▶ What the task requires: Give the data again word for word; drop the pictures.

▶ Data block:

################

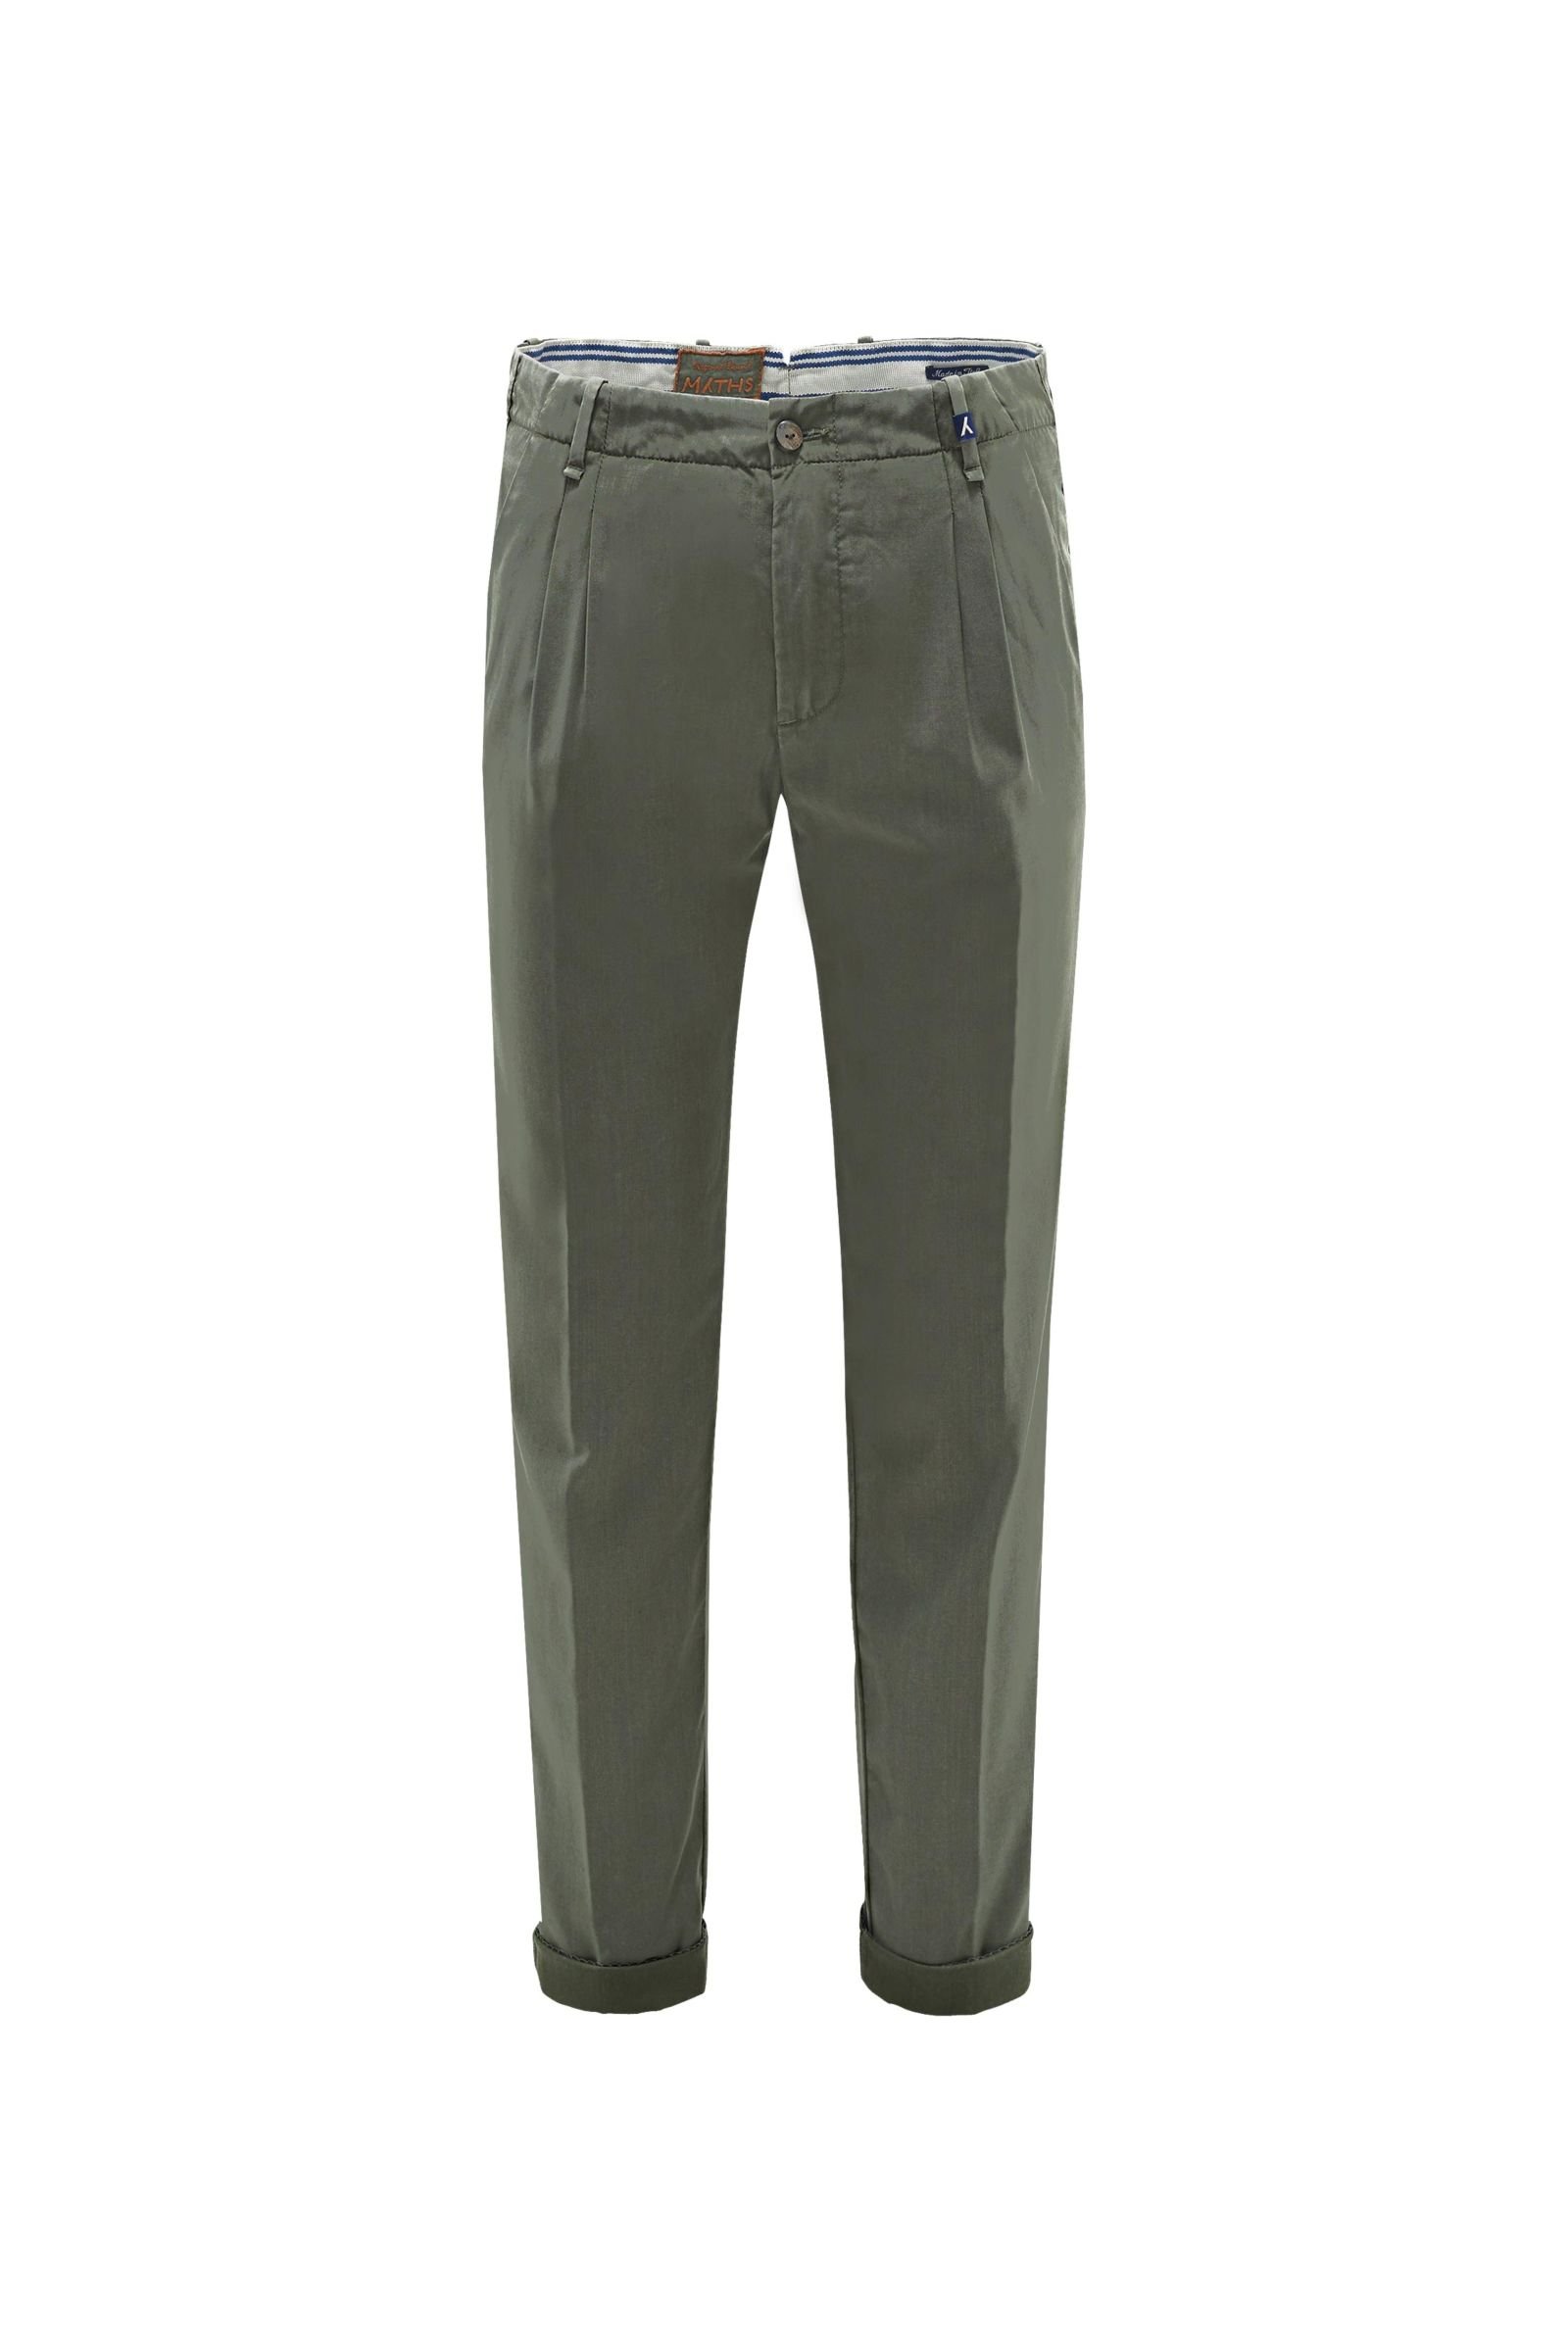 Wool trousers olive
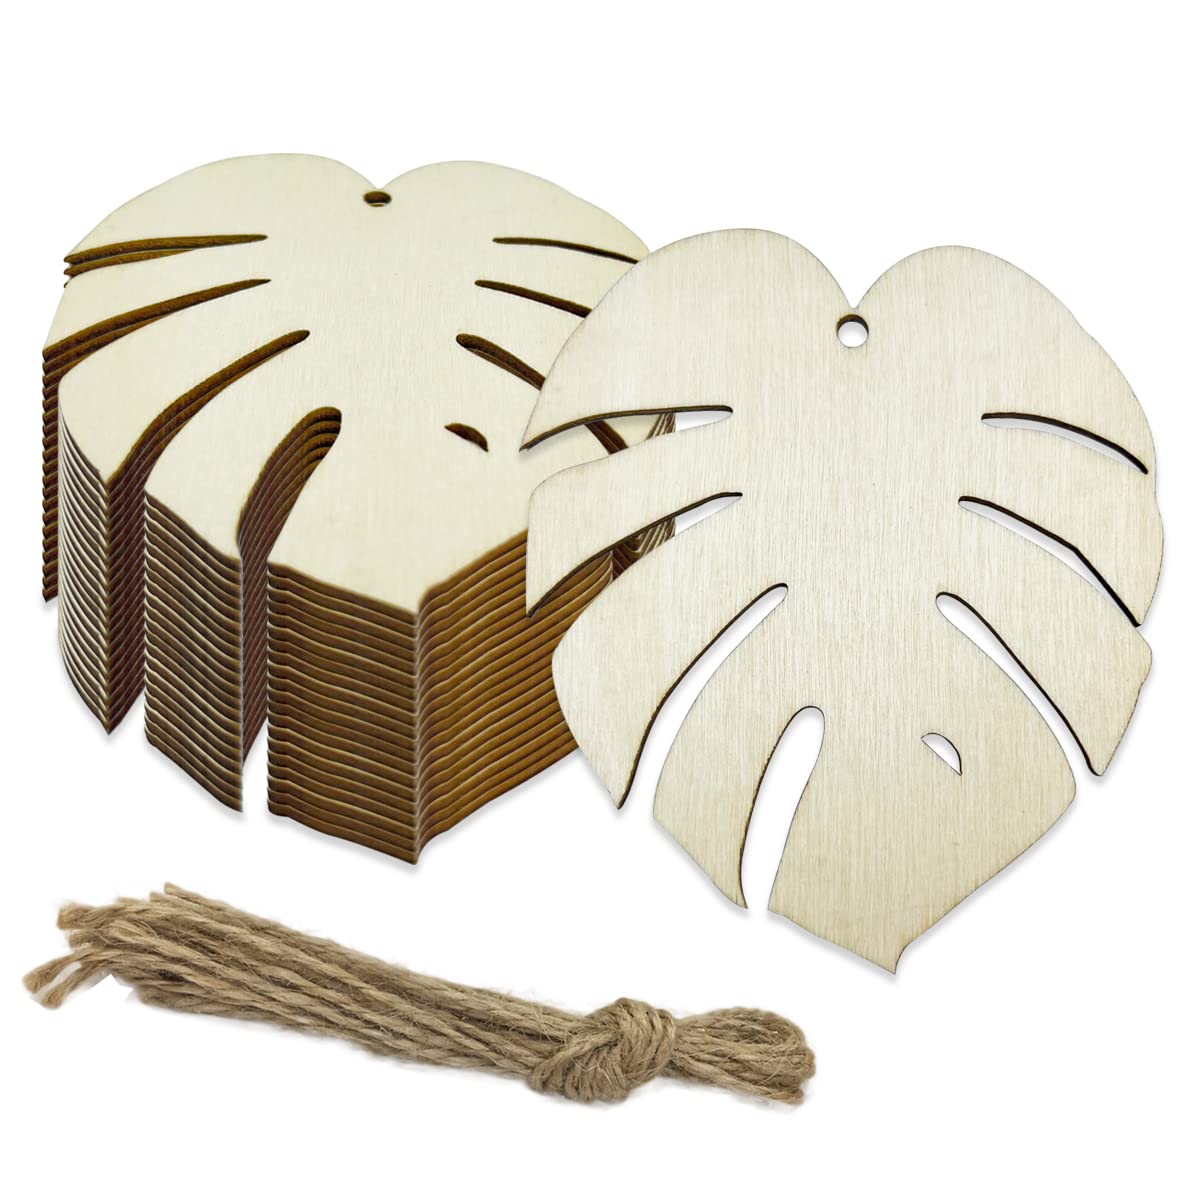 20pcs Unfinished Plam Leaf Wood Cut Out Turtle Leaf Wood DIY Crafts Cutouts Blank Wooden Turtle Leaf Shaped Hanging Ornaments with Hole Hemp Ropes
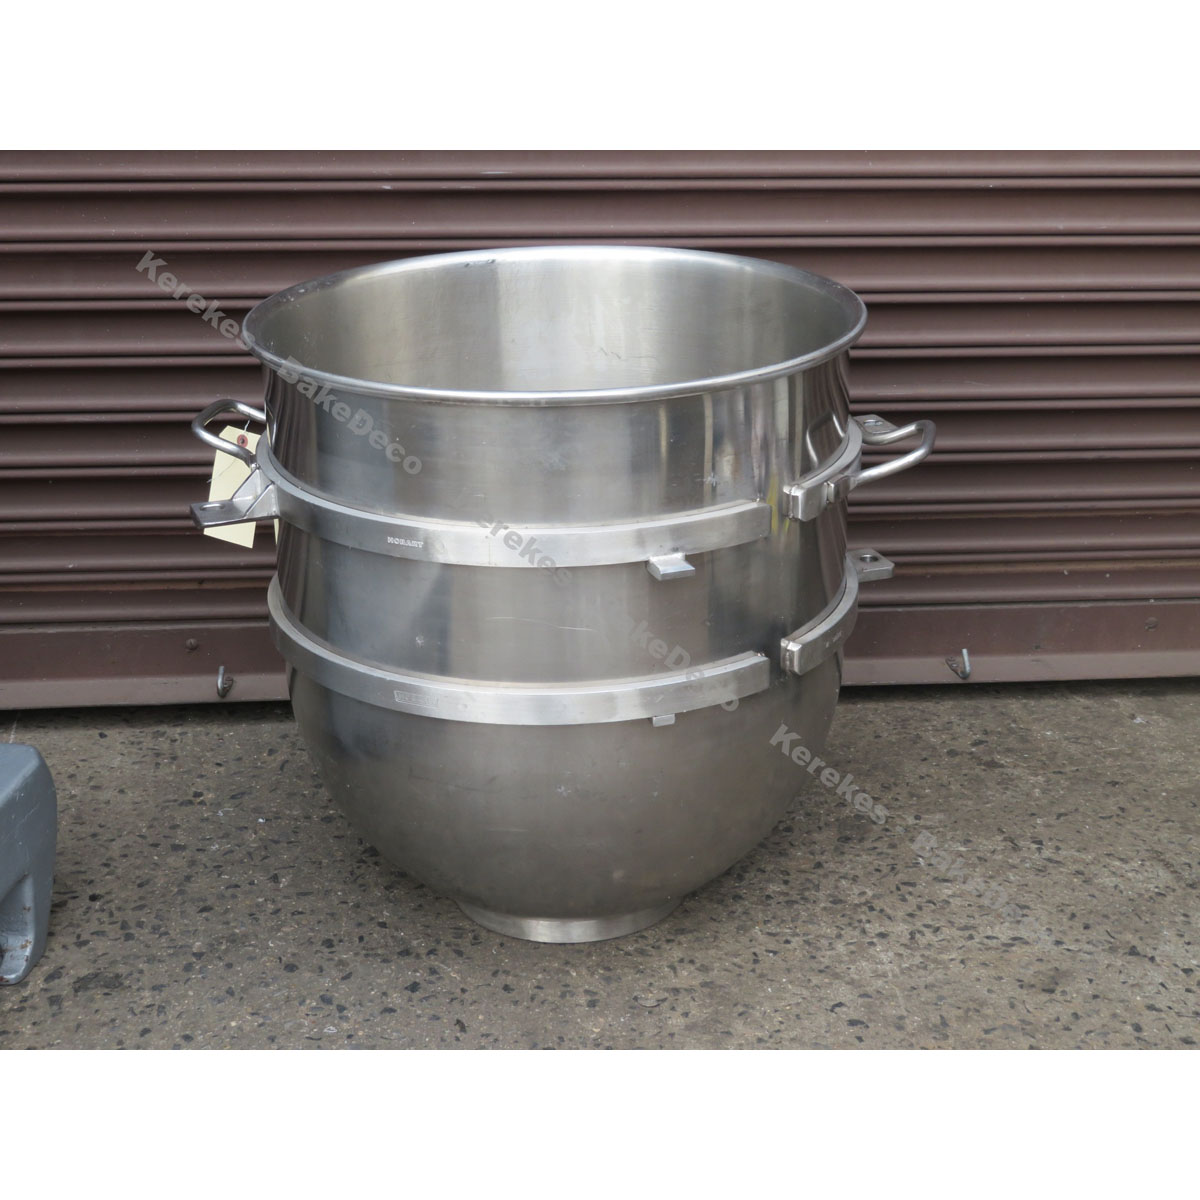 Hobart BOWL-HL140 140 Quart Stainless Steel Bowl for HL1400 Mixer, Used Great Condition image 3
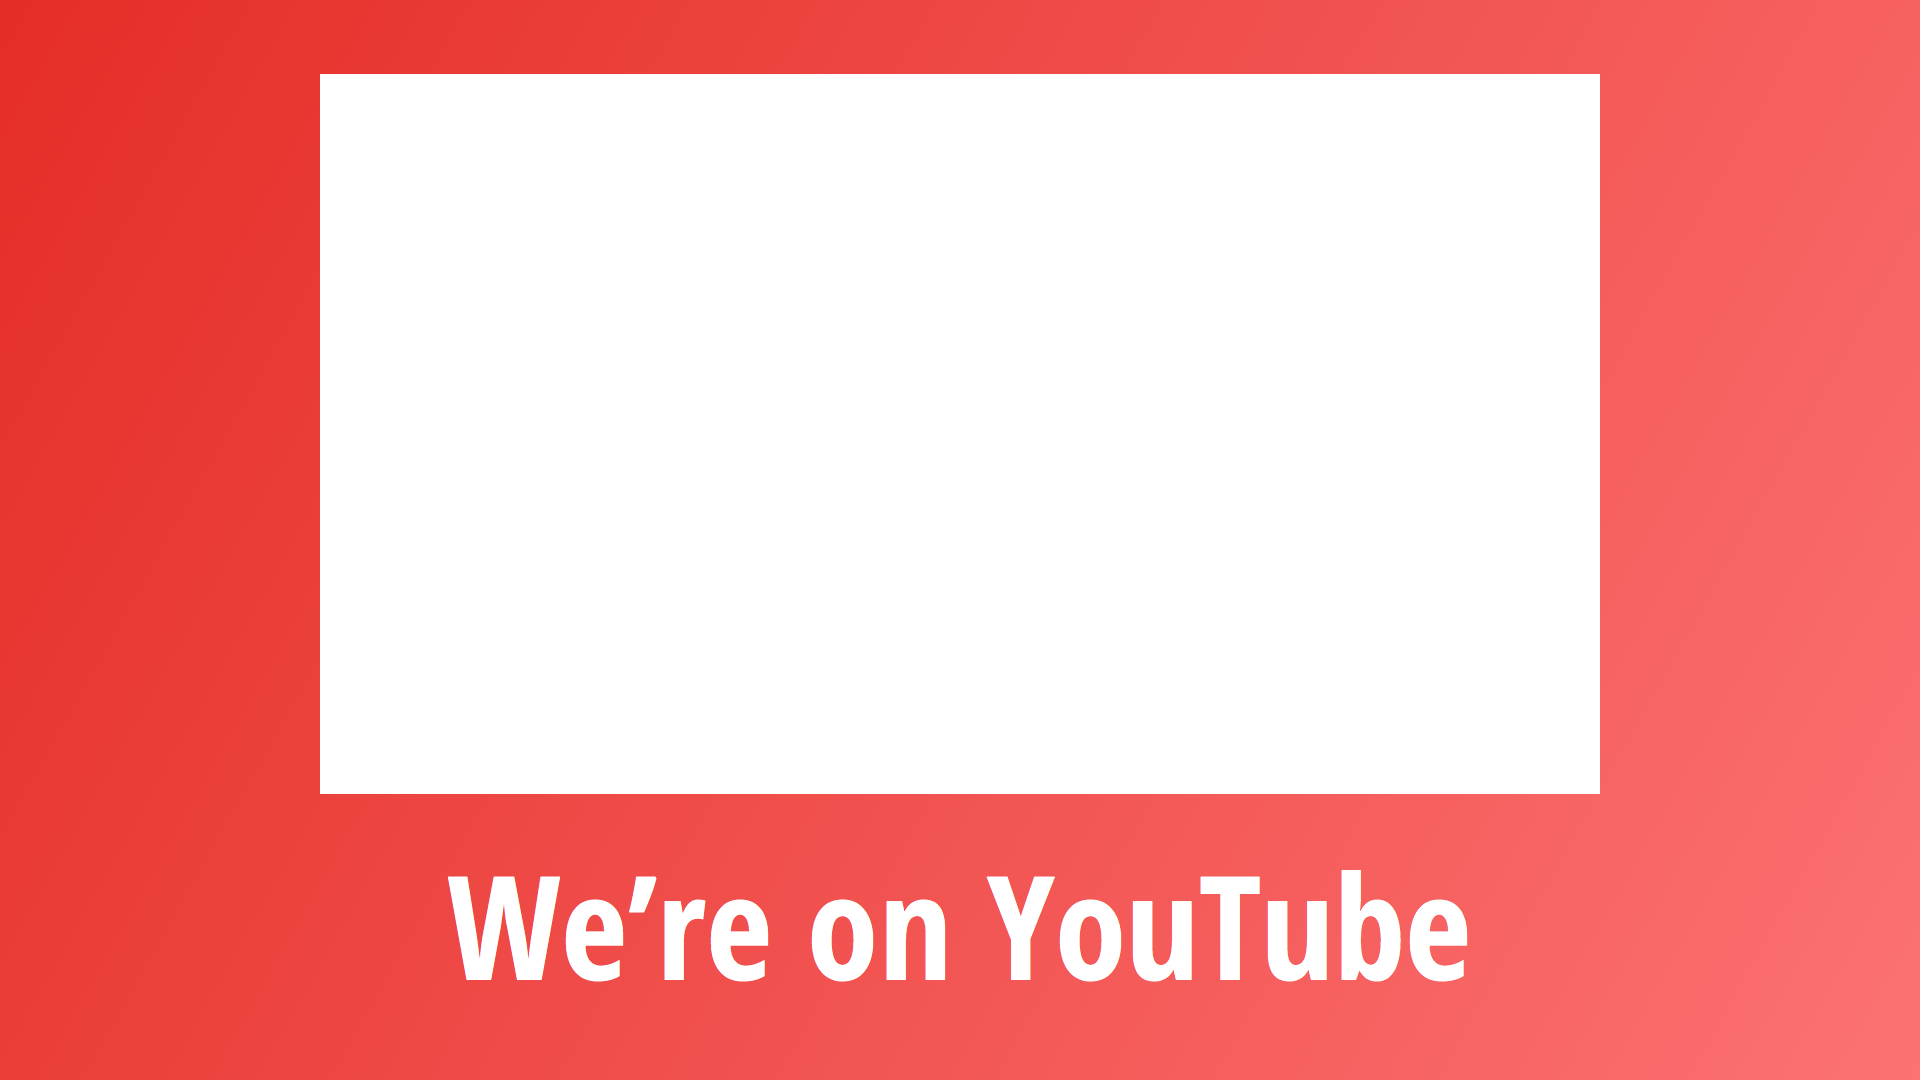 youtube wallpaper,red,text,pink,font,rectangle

################

▶ Result below:
 Wool trousers olive
 20pcs Unfinished Plam Leaf Wood Cut Out Turtle Leaf Wood DIY Crafts Cutouts Blank Wooden Turtle Leaf Shaped Hanging Ornaments with Hole Hemp Ropes
 Hobart BOWL-HL140 140 Quart Stainless Steel Bowl for HL1400 Mixer, Used Great Condition image 3
 youtube wallpaper,red,text,pink,font,rectangle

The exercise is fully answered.